笔趣阁 > 其他小说 > 玄学糊咖靠地府KPI爆红了 > 第一百零一章 突然闹鬼了
    余清歌没有挣扎,身体反而诡异地放松下来。

    那股勒紧骨骼的力道,那份透过皮肤渗入的恨意,都通过那条无形的锁链,悉数回馈给她。

    她清晰地感知到,男人胸腔内,那颗心脏的狂乱搏动。

    愤怒,不甘,挣扎,还有一丝连主人都未察觉的,病态的依赖。

    “很好!就是这个眼神,不要断!”导演兴奋的嘶吼,从监视器后传来,刺破了现场的死寂。

    摄影师的镜头,贪婪地捕捉着他们之间,那份濒临破碎的张力。

    没人知道,这并非表演。

    而是一场,发生在神魂层面的,无声凌迟。

    余清歌抬起眼,直视那双风暴汇聚的丹凤眼。

    她忽然扯动嘴角,露出一个极淡,却极刺眼的笑。

    “季宴修,你也是。”活该,两个字,她没有说出口,但季宴修读懂了。

    男人眼底的黑暗,骤然翻滚,手臂的肌肉绷成铁块。

    就在这时,一股异样的寒意,毫无征兆地从脚底升起。不是影棚冷气的干冷,而是一种,带着泥土腥气的,湿冷的寒。

    浓郁的“永恒之心”香水味,被这股异味冲淡。

    季宴修的身体,几不可查地一僵,他闻到了。

    余清歌的眼睫,轻轻颤动,她也闻到了。

    那味道,像雨后翻开的陈年墓土,混杂着腐烂丝绸的气息。

    片场角落,一个由巨大几何石膏体投下的阴影里。

    有什么东西,蠕动了一下。那不是光影的变化,而是一团浓郁的黑暗,正从二维的平面上,挣扎着剥离,试图站立成三维的形态。

    季宴修的呼吸,停滞了一瞬。

    他那双总是覆着冰霜的眼眸,第一次,浮现出一种孩童般的,纯粹的恐惧。

    他的洁癖,他的高傲,在这一刻,被深植于童年阴影的惊骇,击得粉碎。

    那禁锢着余清歌的手臂,非但没有松开。

    反而像溺水之人抓住浮木,收得更紧,力道近乎痉挛。

    余清歌闷哼一声,背脊撞上他坚硬的胸膛。

    【魂体绑定…同步率48%…】

    冰冷的提示音,在脑海中炸开。

    他的恐惧,如潮水般涌入她的感知。

    让她也感到一阵阵的,源自神魂的心悸与冰冷。

    “别怕。”余清歌的声音,压得极低,贴着他的胸口。“它没有恶意。”

    她试图安抚,却发现自己,现在也只是一个能看见鬼的普通人。

    幽冥通APP还在,但那些呼风唤雨的力量,早已在那场豪赌中,消耗殆尽。

    那团黑影,终于凝聚成一个模糊的人形。

    一个穿着民国时期旗袍的,身形佝偻的女人。

    她的五官一片模糊,只有一双空洞的眼窝,直勾勾地盯着摄影棚中央,那个摆放着“永恒之心”香水瓶的展台。

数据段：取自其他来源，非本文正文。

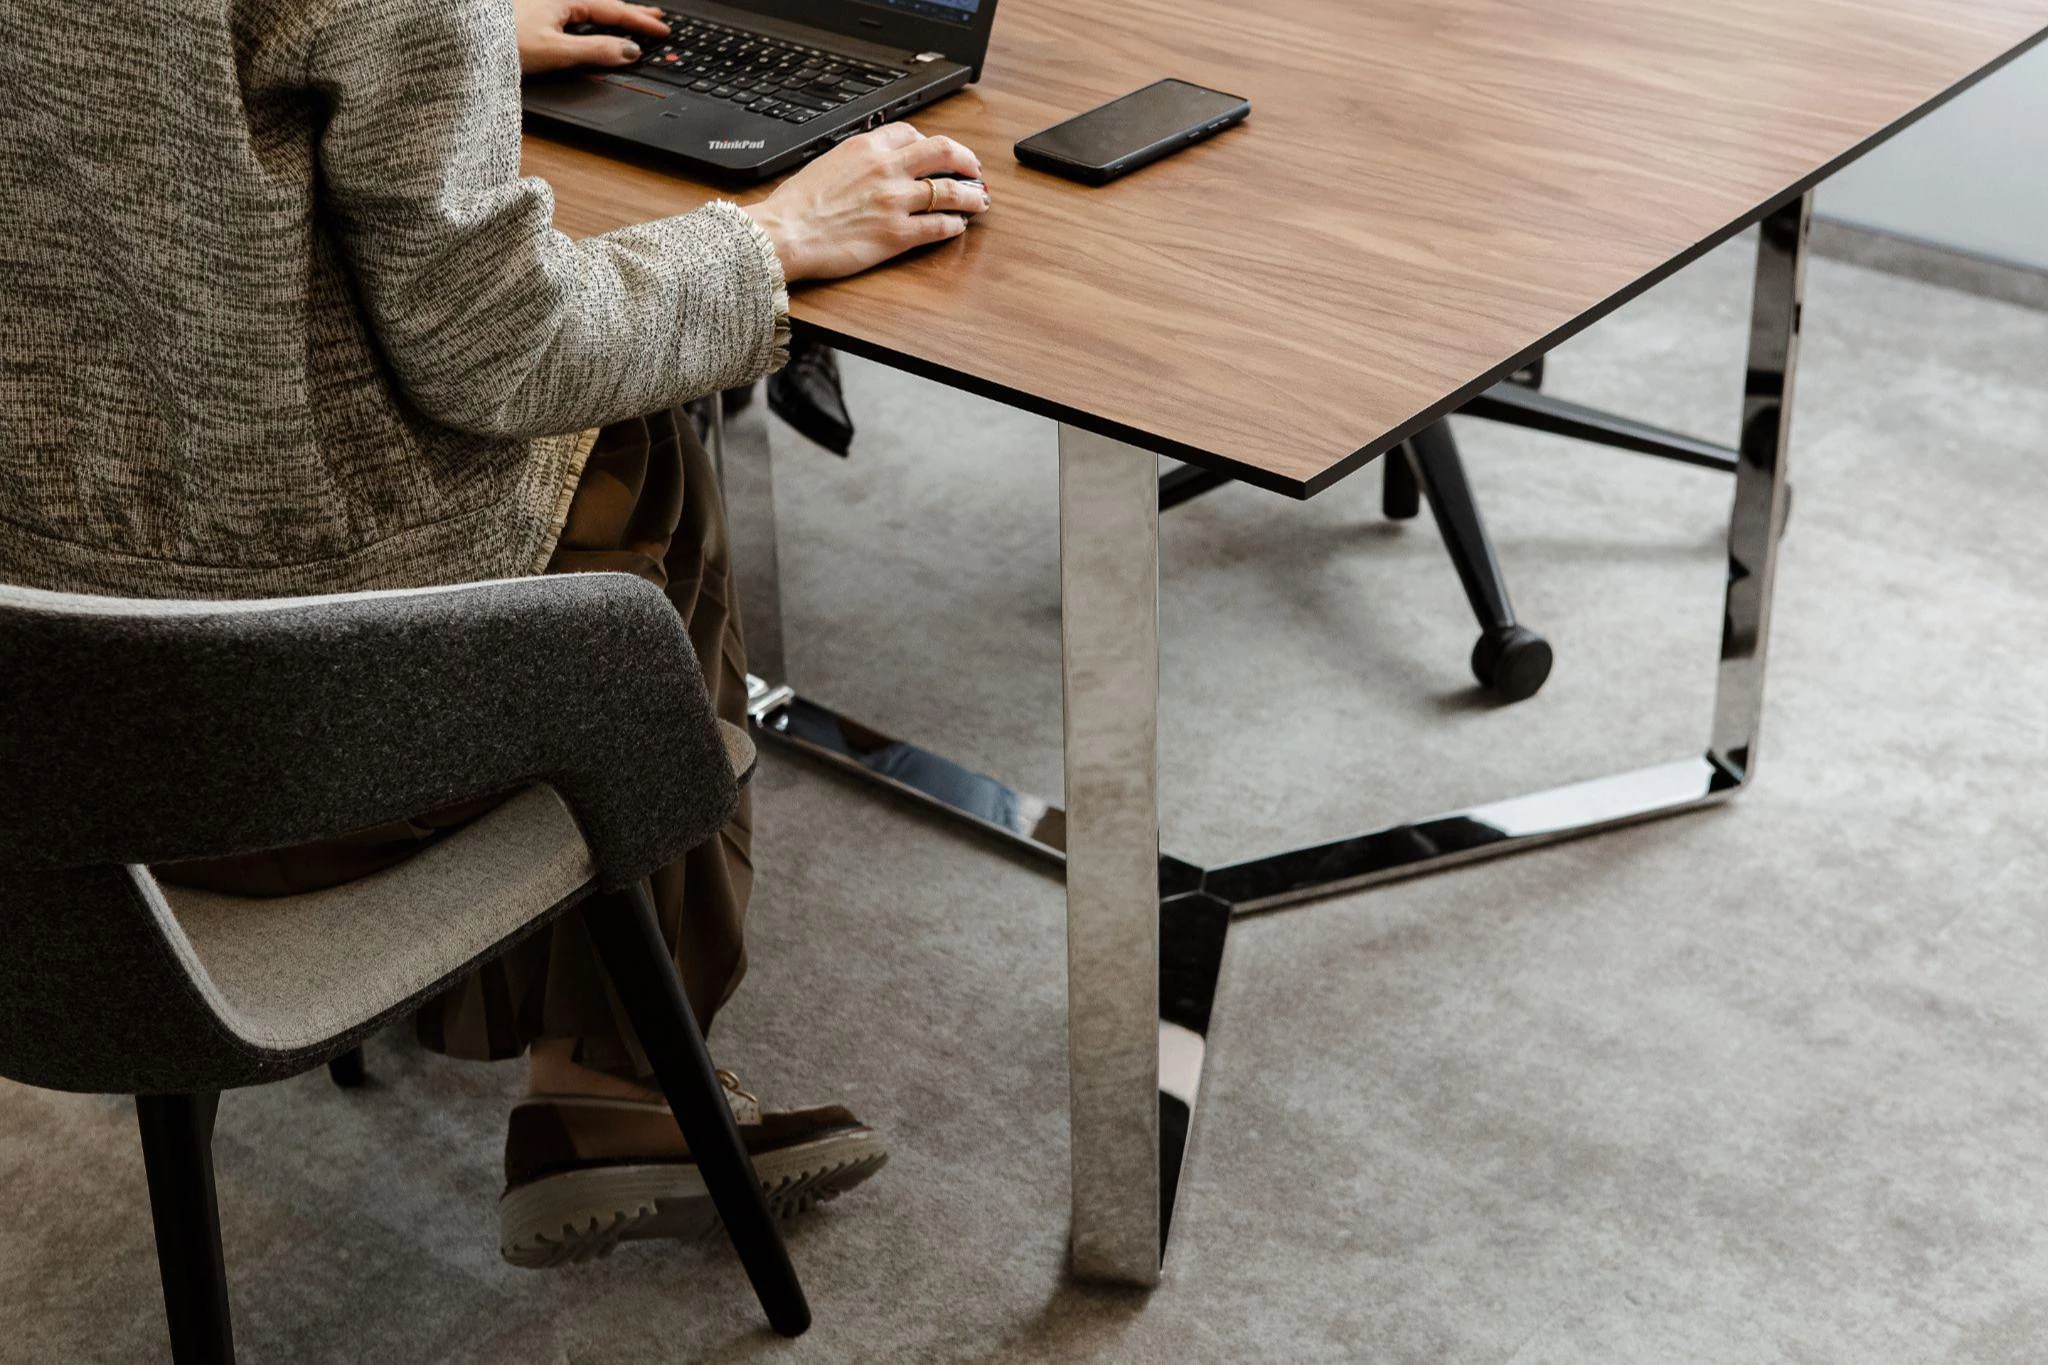 Biuro baldai – ir sėkmingam verslui, ir darbui namuose

    “咔嚓!”棚顶的一盏主灯,爆出一串火花,骤然熄灭。

    现场发出一阵小小的惊呼。

    “怎么回事?电力组检查一下!”

    导演不满地咆哮。

    “咔嚓!滋滋…”

    又是两盏。

    整个片场,忽明忽暗,陷入一种诡异的氛围。工作人员开始慌乱,设备的电流声,也变得尖锐刺耳。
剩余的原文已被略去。